Band-Aids and Bad Parenting
I think a great gift for new parents would be stock options in Band-Aid. Let’s face it: if you have a young kid, Band-Aids are practically an accessory. They come in different sizes and skin tones – though I still have to wonder who has a Sponge-Bob-patterned epidermis.
In my early days of parenting, I was anti-Band-Aids. Tough kids don’t need ‘em, I reasoned. So I made a rule: no Band-Aids unless you’re bleeding.
I thought this was quite clever, and it worked well enough when my twins were two. Our consumption of Band-Aids was below average. The rule enabled us to rake in a savings of about fourteen cents a month, enough to buy 1½ mojos.
When my cretins were nearly four, however, the Scrimp-on-Band-Aids, Save-for-College theory went south. One warm spring day, we went to the front yard where Vivian and William played with sidewalk chalk, which is the perfect craft for an Anti-Craft Mom like me since it involves no clean up (unless your kid runs onto the road and gets schmucked). But I digress.

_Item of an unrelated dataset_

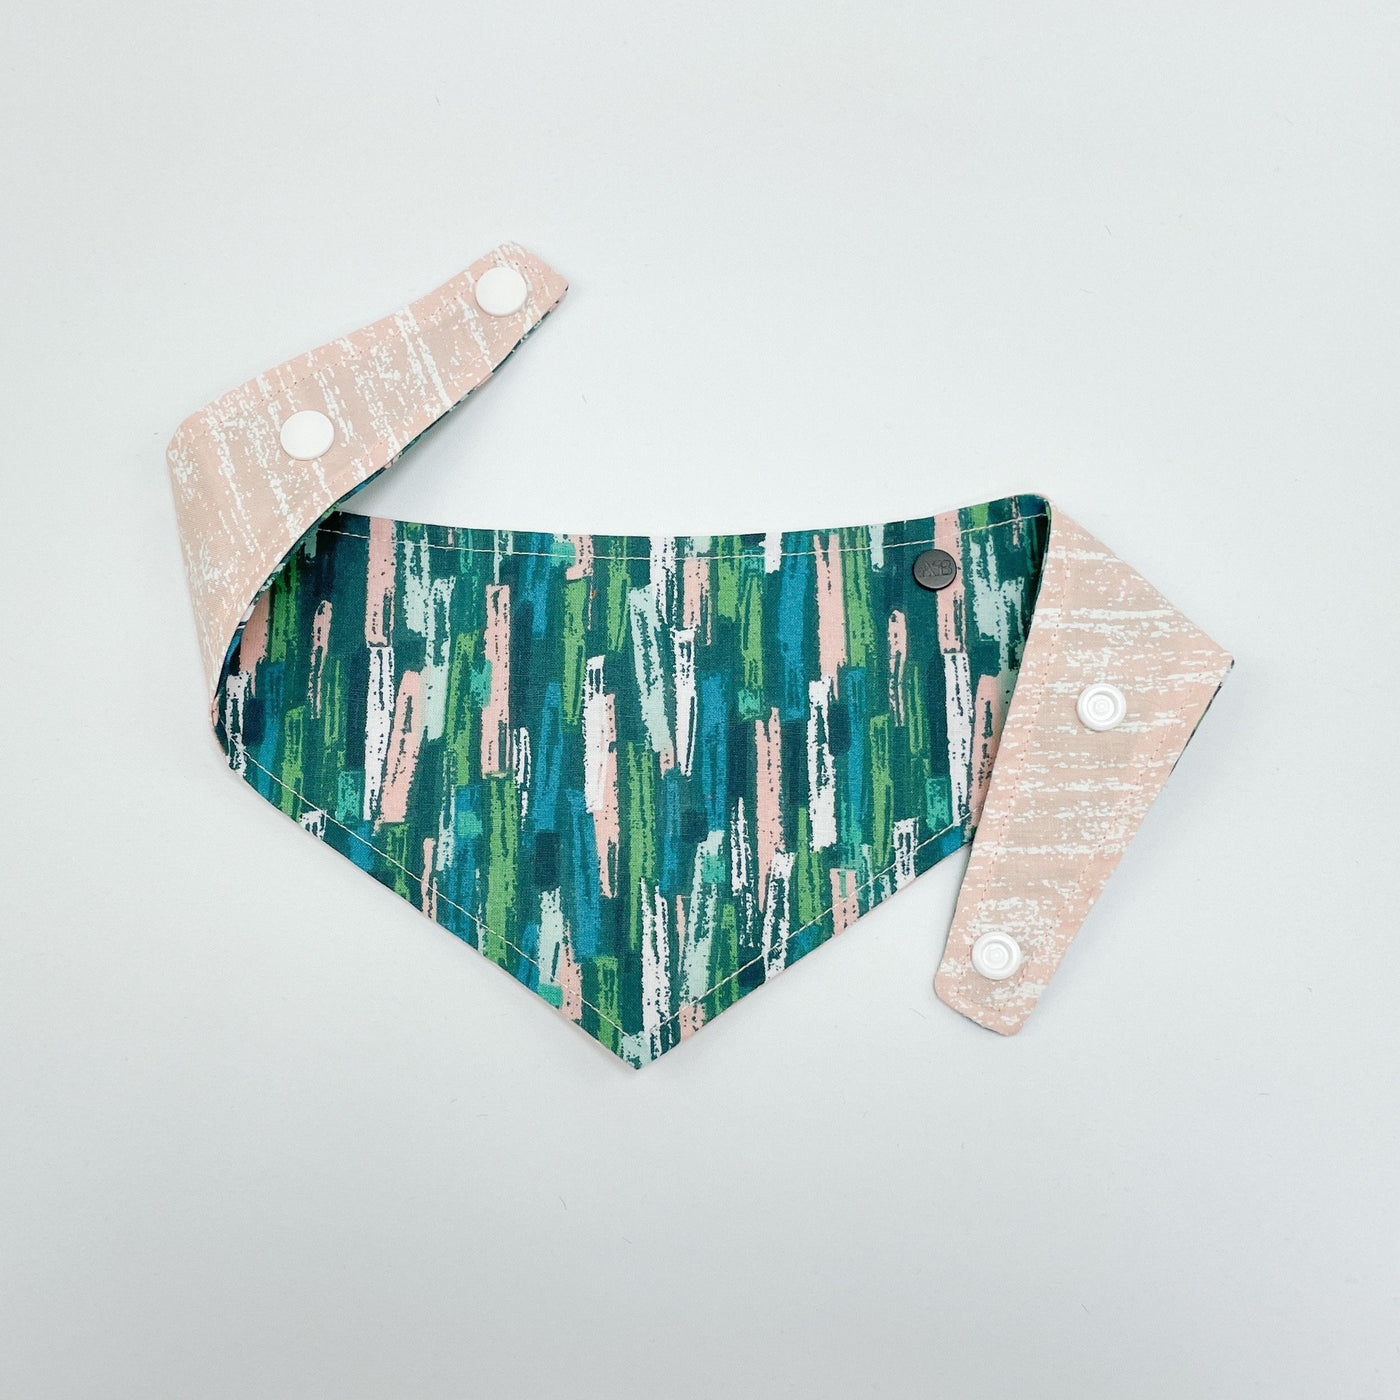 Autumn Stripe Check Dog Bandana in tones of teal, green, grey and blush pink.
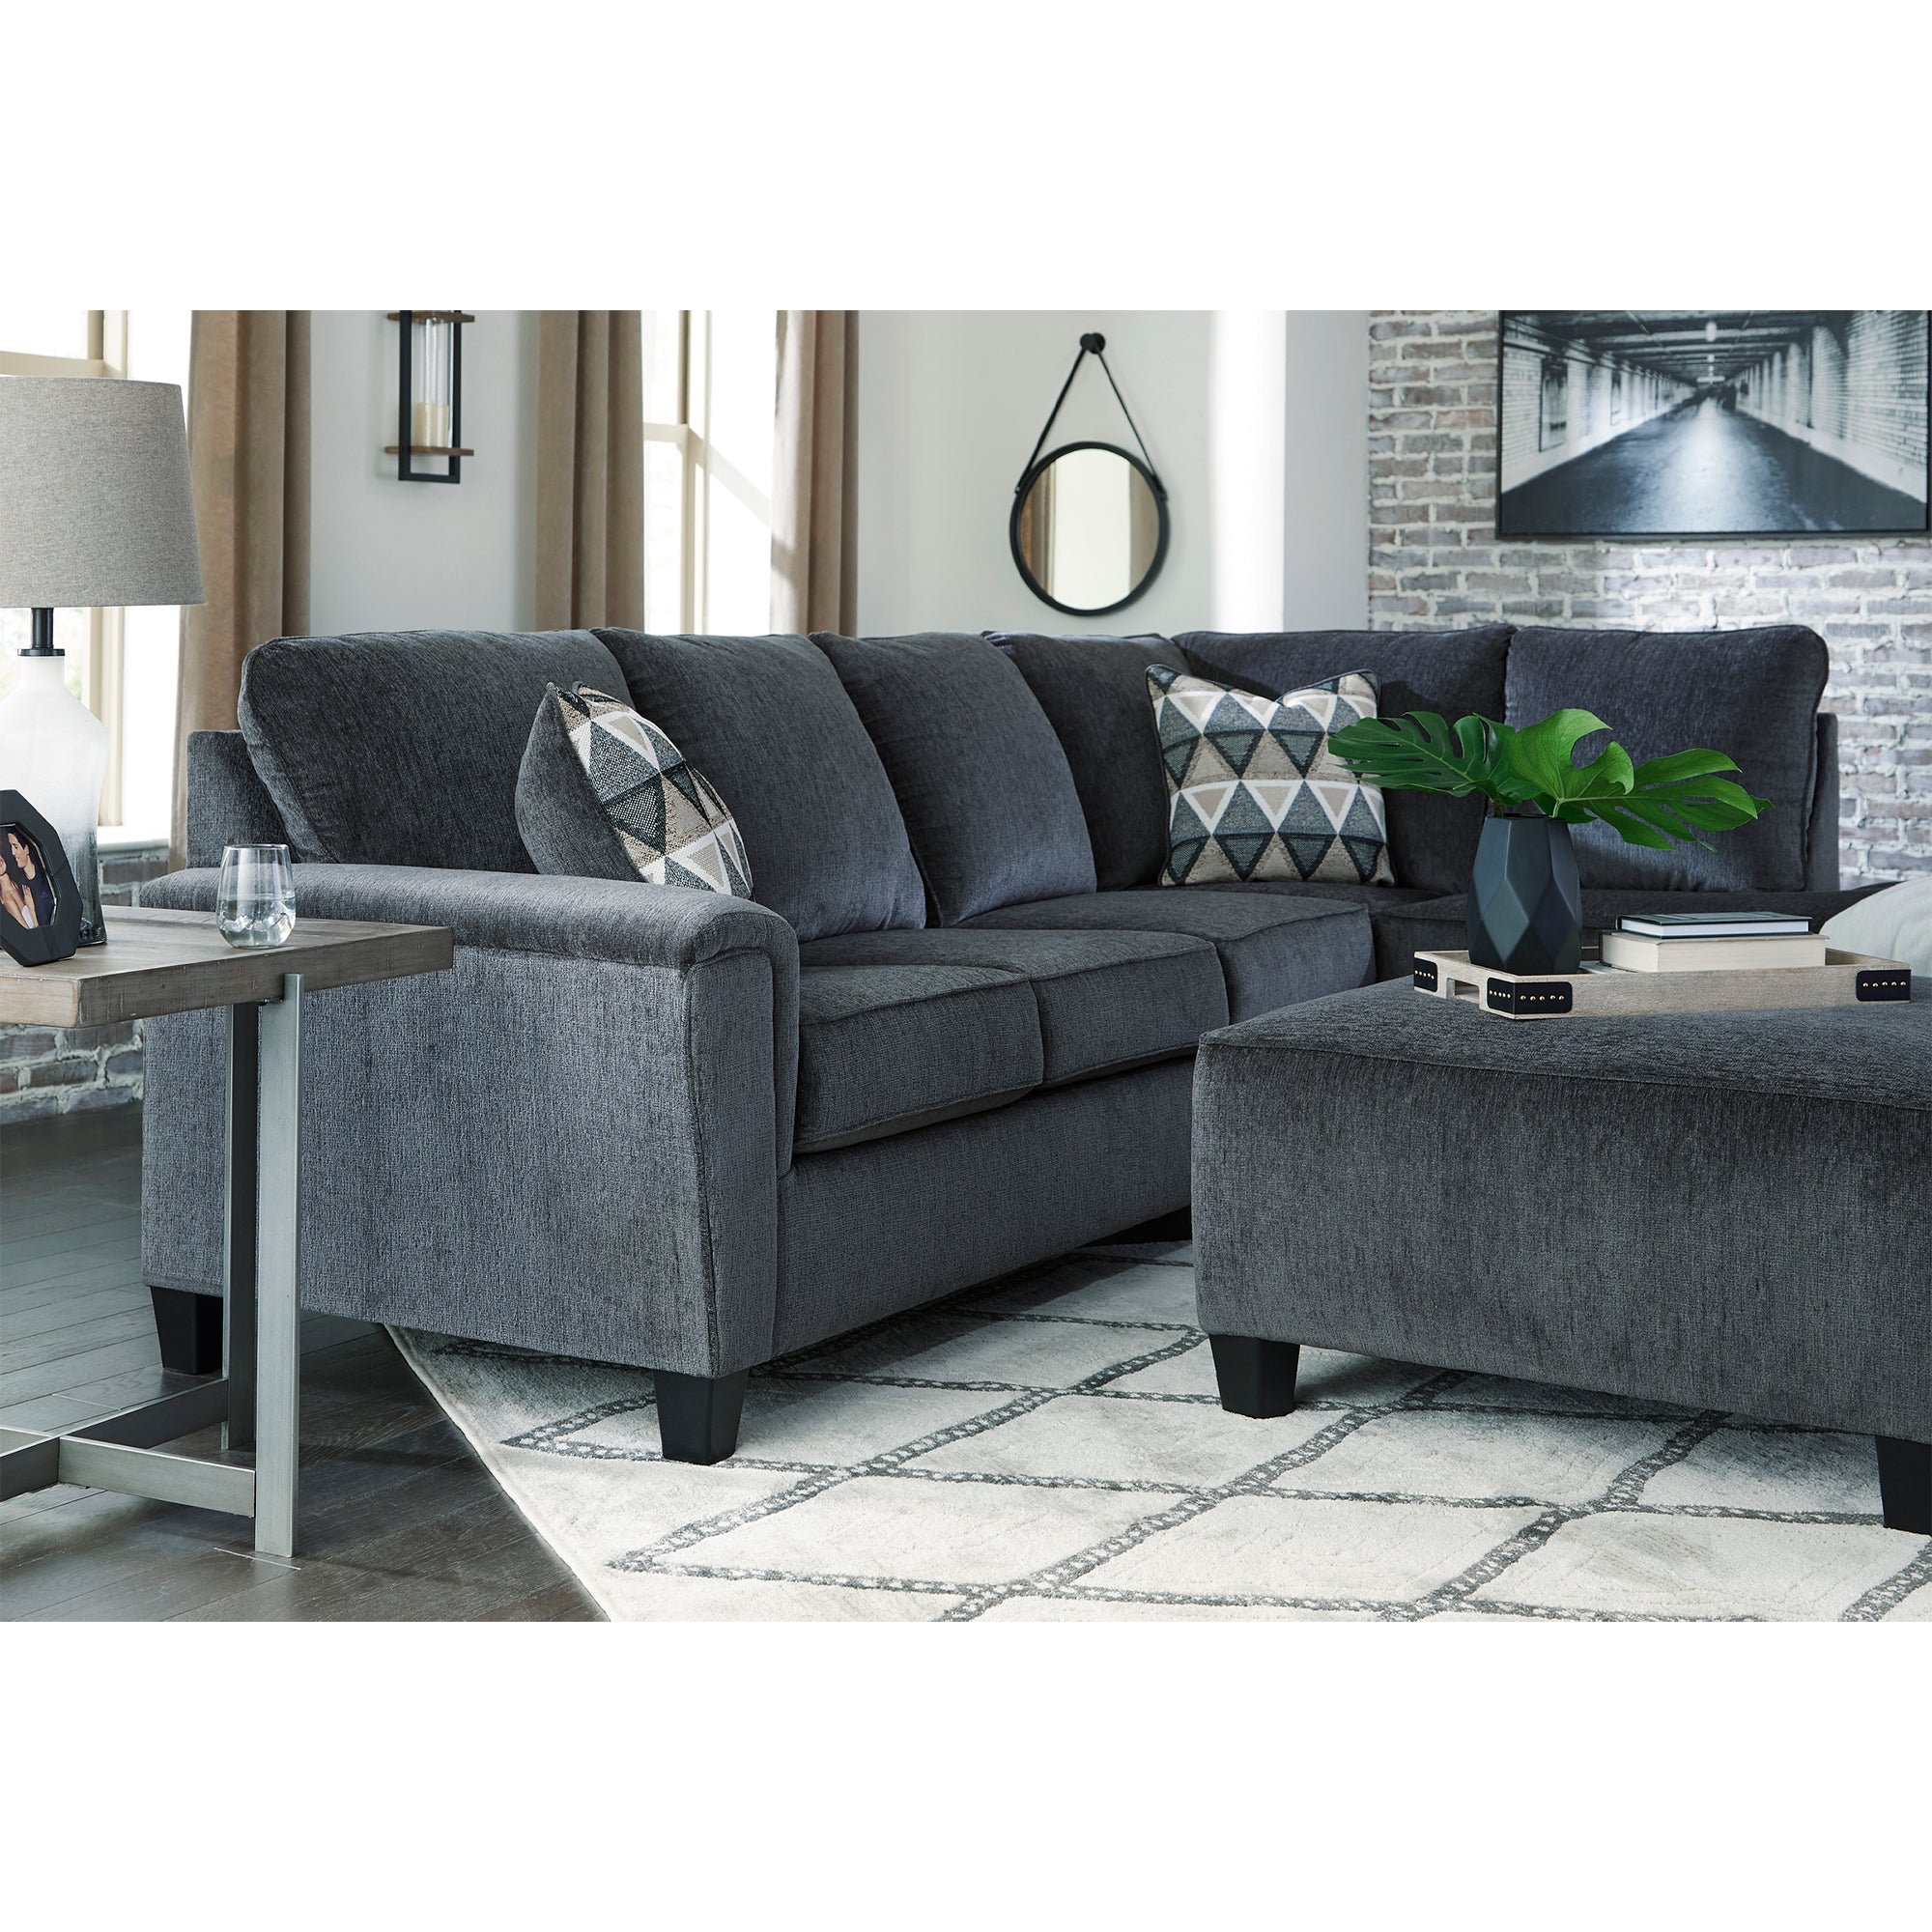 Abinger 2-Piece Sectional with Chaise in Smoke Color

So there William and Vivian were, playing hopscotch on their crooked squares. I think I was flinging grape-sized gravel off our lawn. And then came the screams. I don’t even remember which kid it was, but there was a knee injury. I inspected it, lest the screams make the neighbours suspicious.
“Mommy,” my child sobbed. “I need a Band-Aid.”
The knee looked like classic rug burn: pink and inflamed but not bleeding. “No blood, no Band-Aid,” I said.
I went back to flinging gravel pieces.
I’m not sure how much time passed until I noticed my kids were abnormally quiet.
I looked up and saw them huddled together, inspecting something closely.
I walked over.
Both twins were using their fingernails, scratching Twin A’s sidewalk scrape.
“What are you doing?” I asked.
“Nothing,” they chimed, the mantra of the guilty.
“Are you picking the scrape?” I asked.
Four eyes looked up at me. One voice answered, “We’re trying to make it bleed.”
“So I can get a Band-Aid,” the other added.
Excellent. Another parenting strategy that failed. I am a mother who encourages masochistic behaviour. That’s up there with my plan to bring two kids to Build-a-Bear to buy one kid a stuffed animal.
Thankfully tomorrow is another day, which means there’s a small possibility that I’ll do things right and a large possibility that I’ll do something that fast tracks us to family therapy.